The specific details of the agreement with Victory Park Capital were not publicly disclosed.
Past Regulatory Ambitions
Cagney has demonstrated a pattern of pursuing ambitious regulatory strategies. As reported by TechCrunch in late 2020, Figure applied for a U.S. national bank charter during the final days of the first Trump administration. This charter would have allowed the company to accept uninsured deposits exceeding $250,000 from accredited investors, bypassing traditional oversight from the FDIC and Federal Reserve. This approach could have set a precedent for other fintech and retail companies seeking alternative bank charters and offering financial products with reduced oversight, but the application was withdrawn last year amidst broader challenges within the fintech sector.
Leadership and Organizational Shifts
The company has experienced significant changes in leadership and organizational structure. In April 2024, Michael Tannenbaum, formerly the COO of Brex, was appointed as CEO. Tannenbaum had previously collaborated with Cagney as SoFi’s chief revenue officer.
A Reversal of Strategy
In an atypical corporate move, Cagney initiated the spin-off of Figure Markets in early 2024, establishing a separate digital asset exchange for crypto trading, crypto-backed loans, and stablecoins. However, just over a year later, in July, Figure reversed this decision and reintegrated the two entities.
Focus on Real-World Asset Tokenization
The company asserts that this strategy will enable it to capitalize on the substantial and expanding opportunity presented by real-world asset tokenization. This process involves converting traditional assets—such as mortgages, real estate, or loans—into digital tokens that can be traded on blockchain networks. Major financial institutions, including BlackRock and JPMorgan, have recently entered this space.
Previous Attempts at Going Public
It is important to note that this is not Figure’s initial attempt at becoming a publicly traded company. The company had previously planned to list through a merger with a SPAC, Figure Acquisition Corp., but the deal was abandoned due to factors such as rising interest rates and redemption rates. The blank check company was subsequently delisted from the New York Stock Exchange.

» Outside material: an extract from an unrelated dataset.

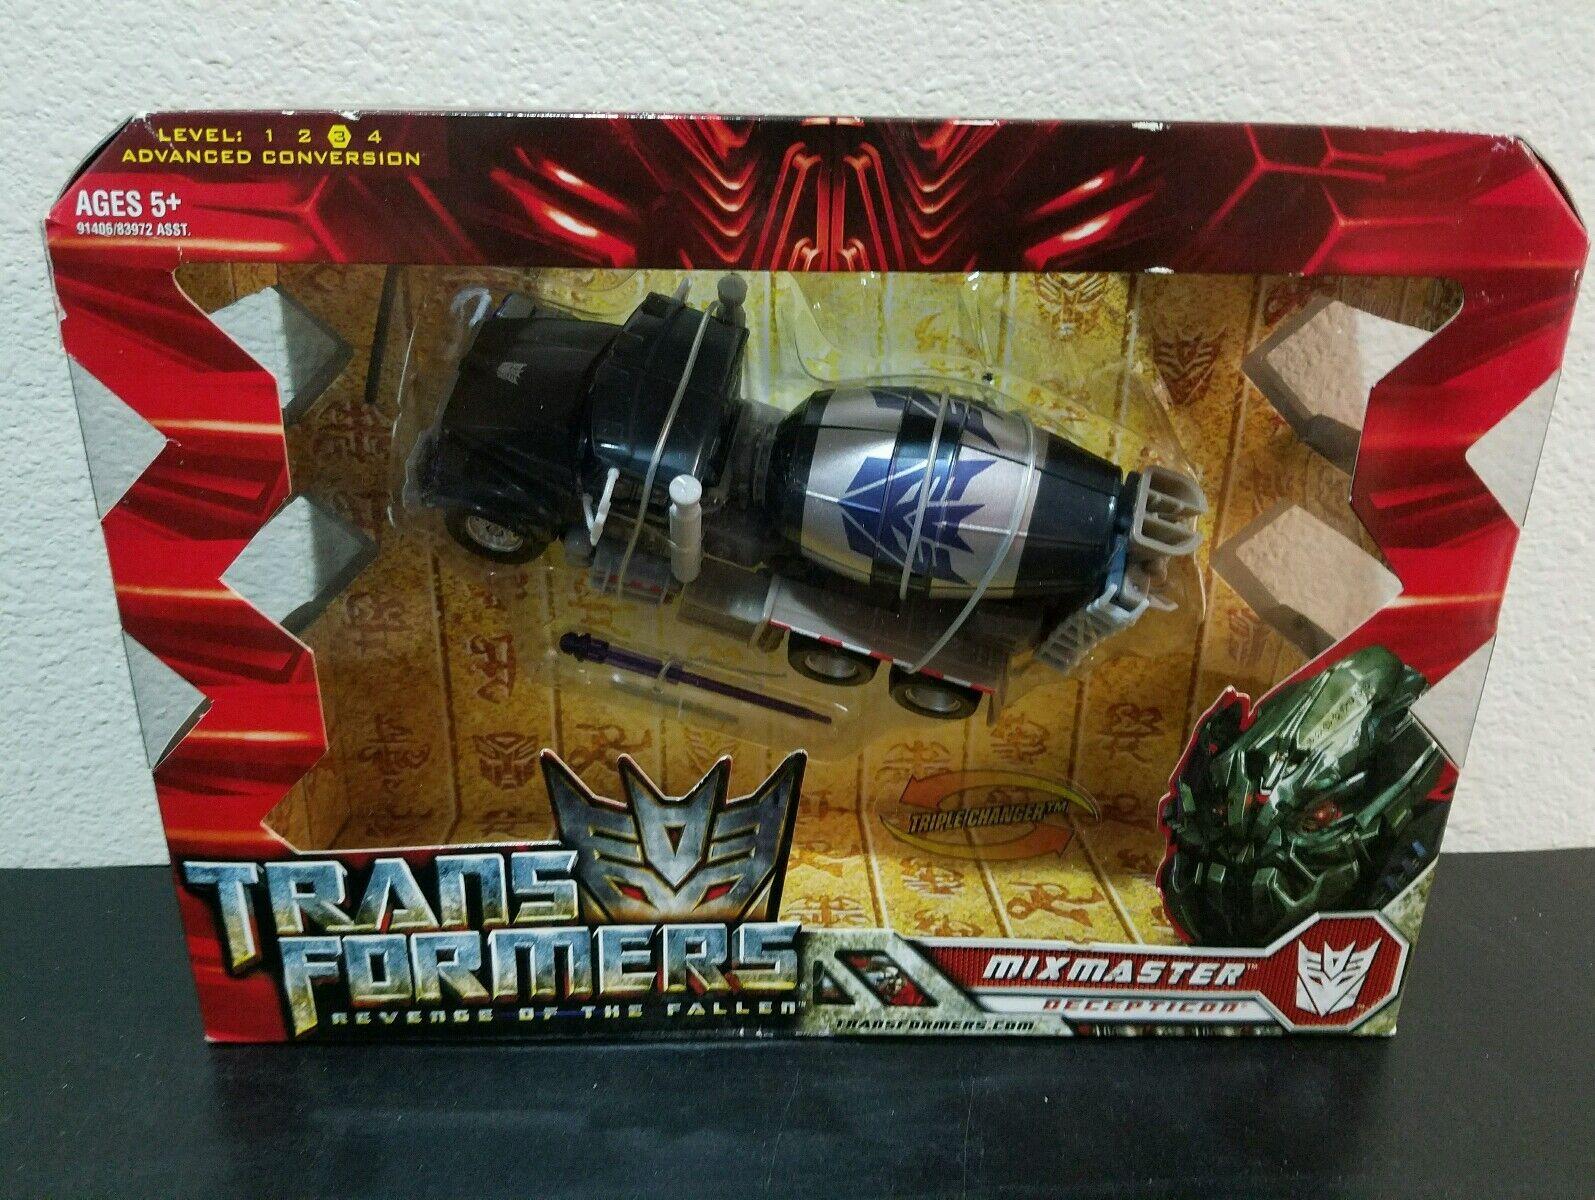 Transformers Mixmaster Revenge of the Fallen - NEW - RARE MISB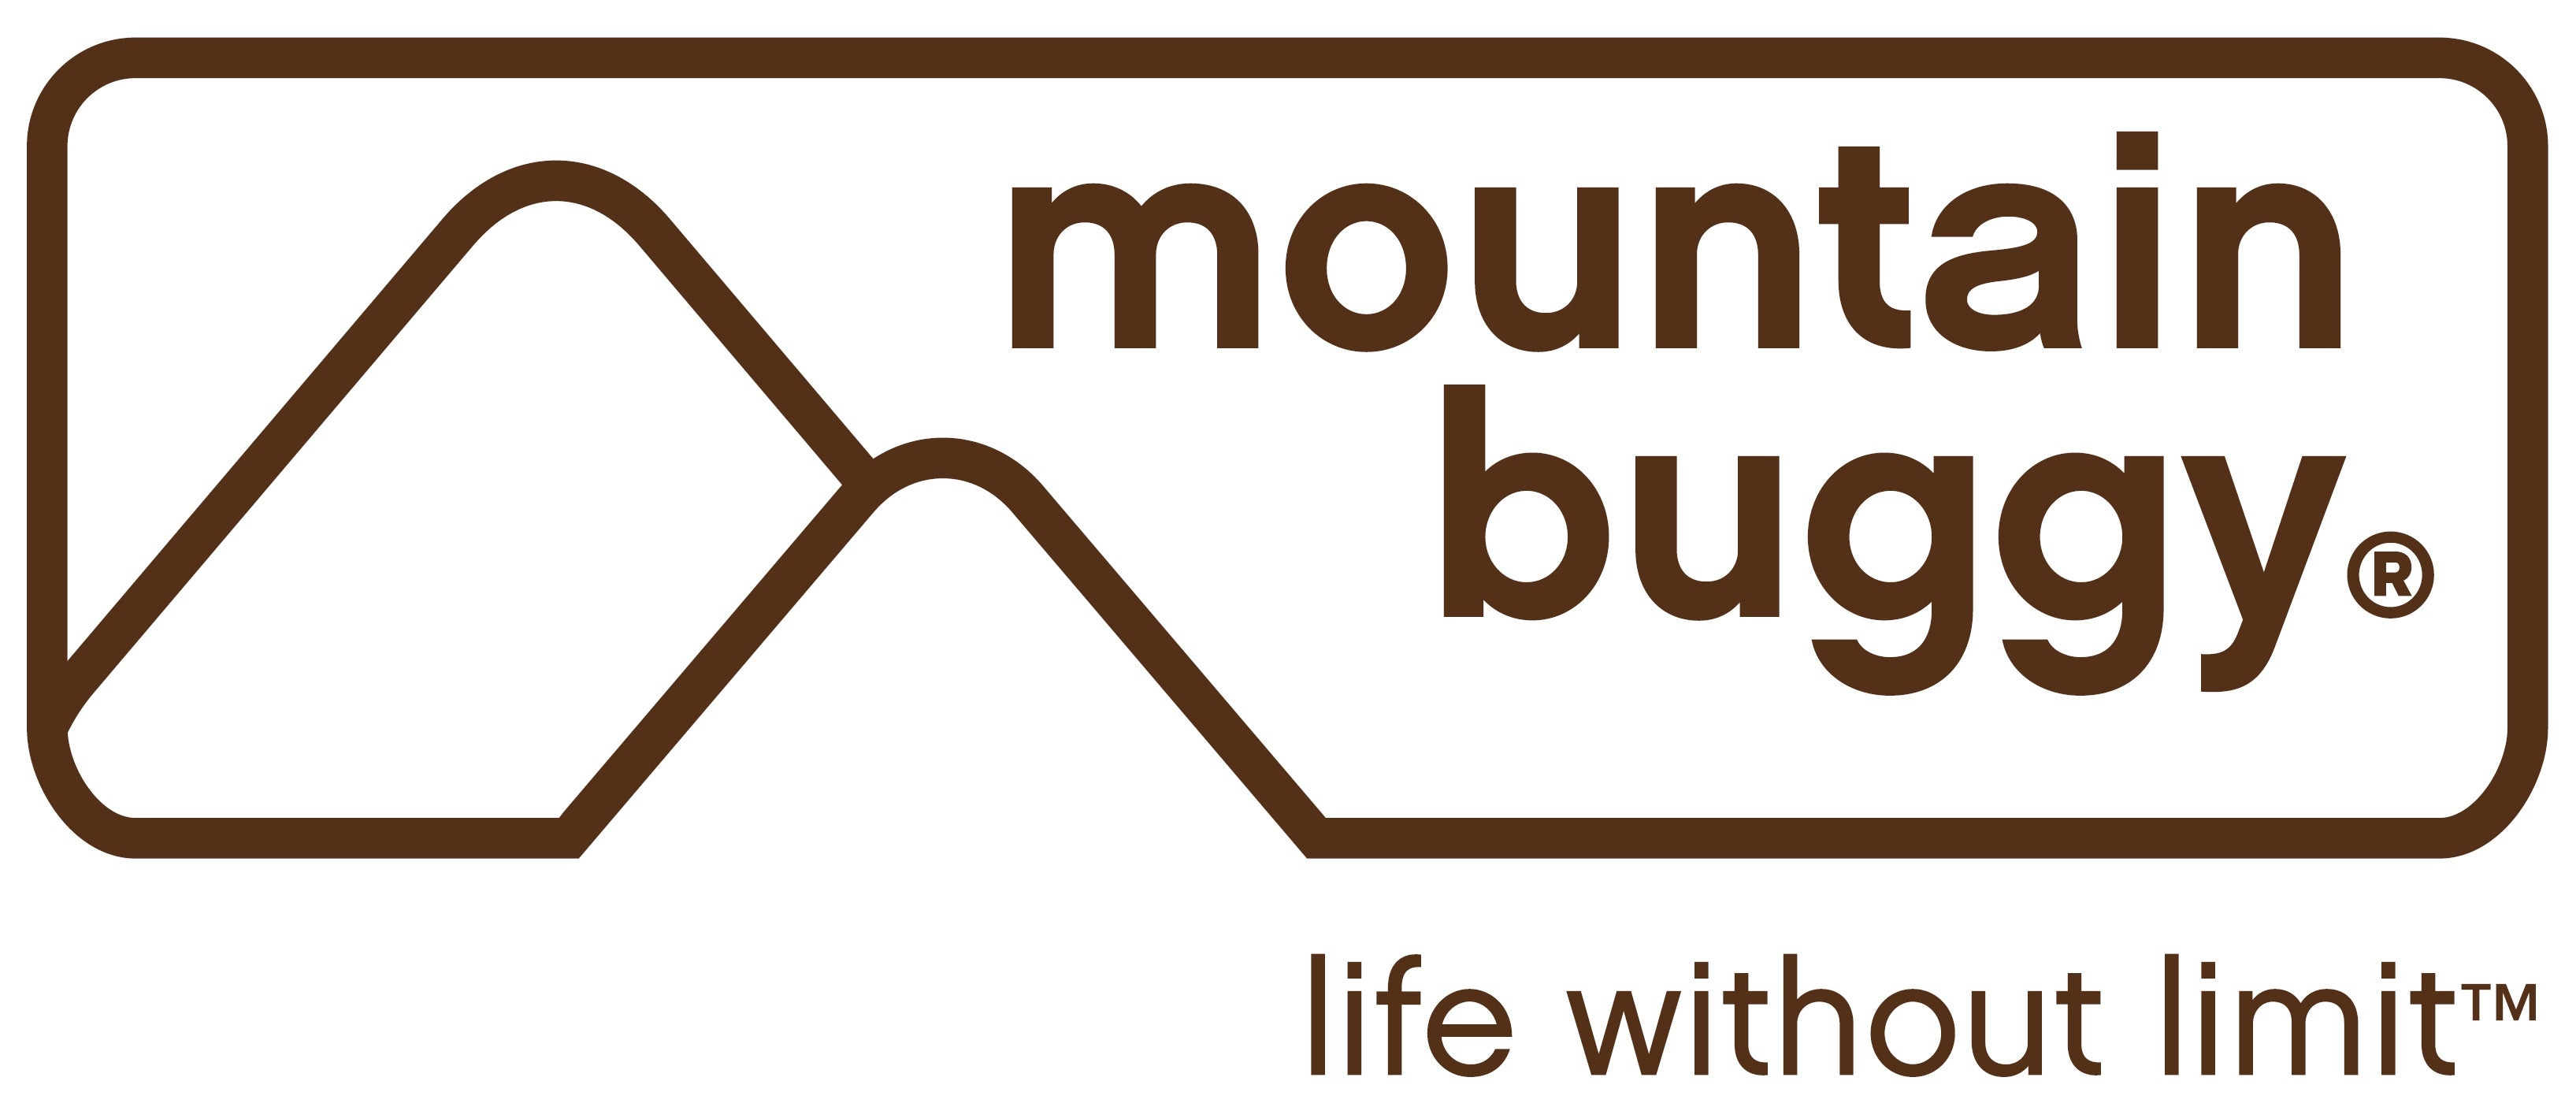 Vis mere fra MOUNTAIN BUGGY

Failed Merger with Homebridge
Figure, backed by investors like Apollo Global Management and Ribbit Capital, also failed to finalize a planned merger with mortgage lender Homebridge Financial Services in 2022, citing regulatory delays ten months after the initial announcement.
Timing and Market Trends
The IPO filing was anticipated by industry observers. Figure, having last secured $200 million in funding in 2021 at a $3.2 billion valuation, had announced weeks prior its confidential submission for an IPO. Furthermore, the timing aligns with a growing trend of crypto-related companies pursuing public listings, spurred by the successful debut of Circle Internet Group in June and the Trump administration’s strong support for the cryptocurrency sector and related legislation.
Positive Momentum in the Crypto Market
Circle’s shares experienced a surge of over 500% within the first two weeks of trading. Crypto exchange Bullish has further contributed to this momentum, with its shares more than doubling on its first day of trading last week.
On Friday, Gemini, the crypto exchange founded by the Winklevoss twins, filed for an IPO despite reporting a $282.5 million net loss in the first half of 2025.
Underwriters for the IPO
Goldman Sachs, Jefferies, and BofA Securities are serving as the lead bookrunners for Figure’s IPO. The number of shares offered and the price range have not yet been determined.